На утро опять та же история: «Приходите послезавтра», — а продежурил я у него на этот раз уже два часа. На третий день, как увидел меня на месте, так даже удивился.
— Все ходишь? — говорит.
— Хожу, по приказанию вашему.
— Я, — говорит, — думал: ты обидишься и ходить бросишь.
— Помилуйте, говорю, молод я еще на людей обижаться, которые более меня стоют.
Посмотрел на меня старик, усмехнулся, протянул руку:
— Видна, говорит, птица по полету. Вы, говорит, молодой человек, имеете ум. Люблю умных людей. Не угодно ли со мной в гостиницу отправиться, там и о деле потолкуем.
Отправились, столковались. И до настоящего времени, вот уже двенадцатый год, все берет товар. И не надо бы иной раз, а берет. Вот как наше дело идет-с. Всякое дело своего ума требует, а в нашем деле ум требуется покорный.
Да это и во всяком деле так-с… Да это и во всей жизни так. Страх — начало премудрости, это сказано недаром. Умный человек сам себя в страхе держит, сам на себя покорность налагает. Глупого человека чем удержишь? — нуждой-с! А без страха один разврат, непокорство, баловство! Товарищества, артели, помощь бедным… — Куда это вы, господин мастер, спешите? «Иду в артель деньги получать». За что? Для чего? Баловство одно! — закончил Дмитрий Васильевич, стоя передо мной и страстно сверкая своими глубокими черными глазами. — Баловство! Потачка! Рубь сберечь — вот чему народ учить надо.
— Но из чего же сберечь, Дмитрий Васильевич?
— Из чего?
Дмитрий Васильевич посмотрел на меня глубоким взглядом.
— Из чего? А вот из чего-с! Я вам сейчас расскажу из чего-с.
XV. О Мишаньке, праведном стяжателе
— Все-таки был я, милостивый государь, счастлив и от бога взыскан, что мне еще ив нынешний век люди попадались. Настоящие. Стар-ринного закалу, негордые, имеющие разум, который дается от бога. Вот я вам про такого и расскажу.
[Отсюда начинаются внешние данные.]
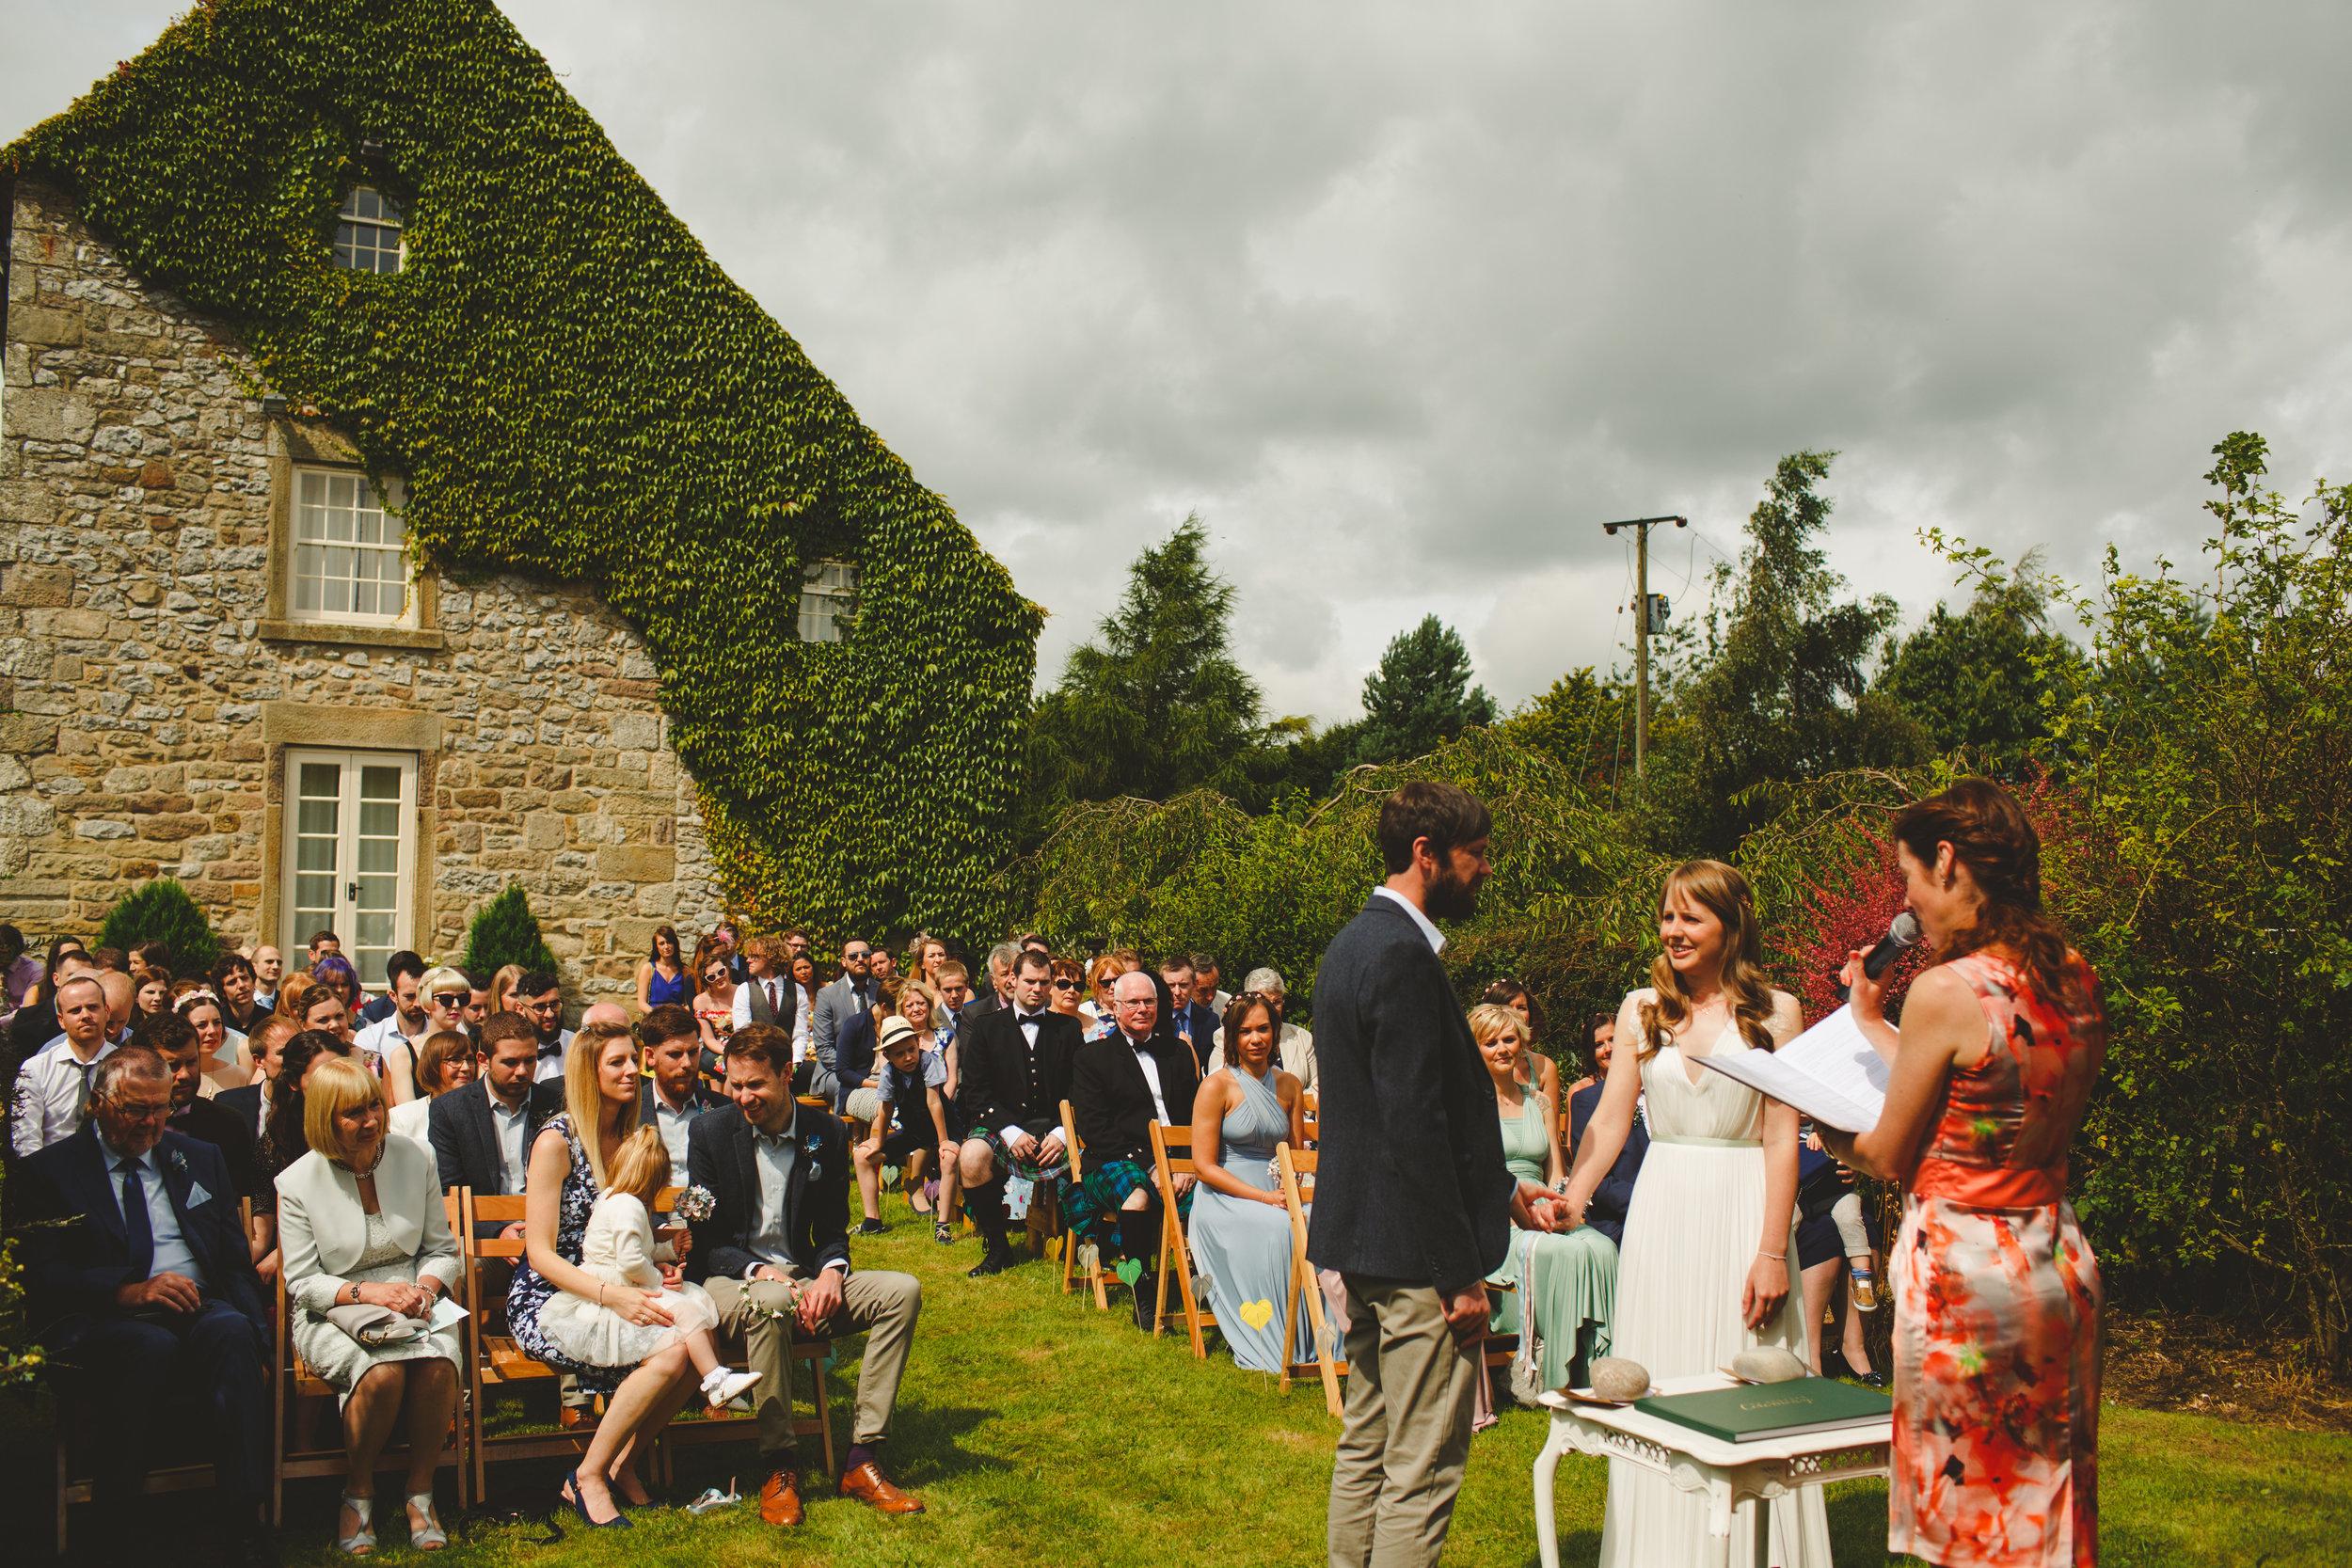 My Perfect Ceremony - Wedding Celebrant Testimonial - Ellie & Tom
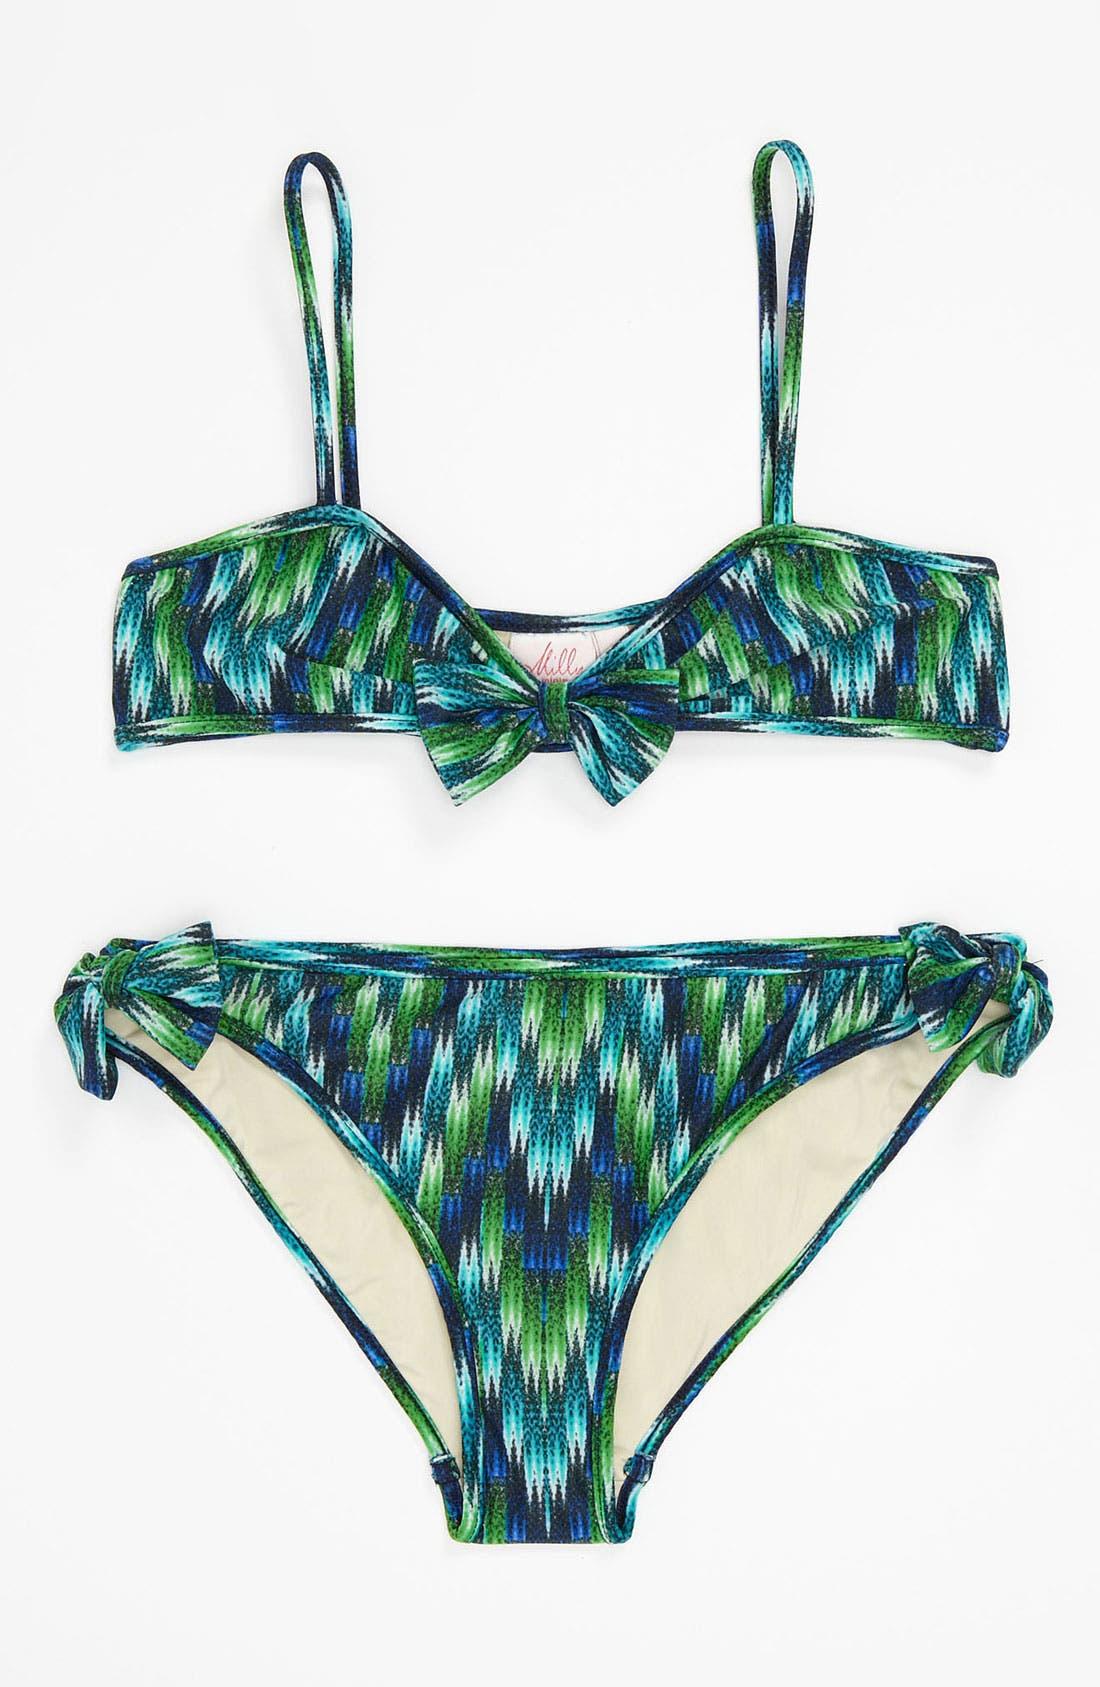 Alternate Image 1 Selected - Milly Minis 'Sagaponack' Two Piece Bikini Swimsuit (Big Girls)

Был тут, не в дальнем селе, коваль один, — много лет на меня тот человек работал. Мужик хороший, аккуратный, дело из рук не валилось, пьяного я его не видал, в глупостях этих, которые теперь в народе встречаются, тоже не замечал никогда. Ну, и тоже надо сказать, много лет и добродетели в нем настоящей не замечал, потому что настоящая добродетель все одно, как червонец на дороге. Сколько раз мимо пройдешь, а ногой, пожалуй, наступишь, и не видишь. А случай подойдет, он вдруг блеснет и объявится…
Так было и тут.
Приходит раз мужичок этот ко мне, сдал клёпань, веселый. «Ныне, говорит, Митрий Васильич, радость у меня».
— Что такое?
— Вы меня, Митрий Васильич, знаете, не пьяница я, в карты не играю, как иные прочие, баловством тоже никаким не занят. Бабу мне бог послал — золото! Работали мы, работали, труждались, можно сказать, неустанно, добились до настоящей суммы, которую себе положили. Вот они — получил теперича от вас последнюю десятку; сколько годов мы ее, родимую, дожидаемся! Теперь я, Митрий Васильич, обеспеченный человек: избу строю, кузница у меня станет в огороде новая, дров, углей — на год запасу. Теперь я, говорит, сам себе господин.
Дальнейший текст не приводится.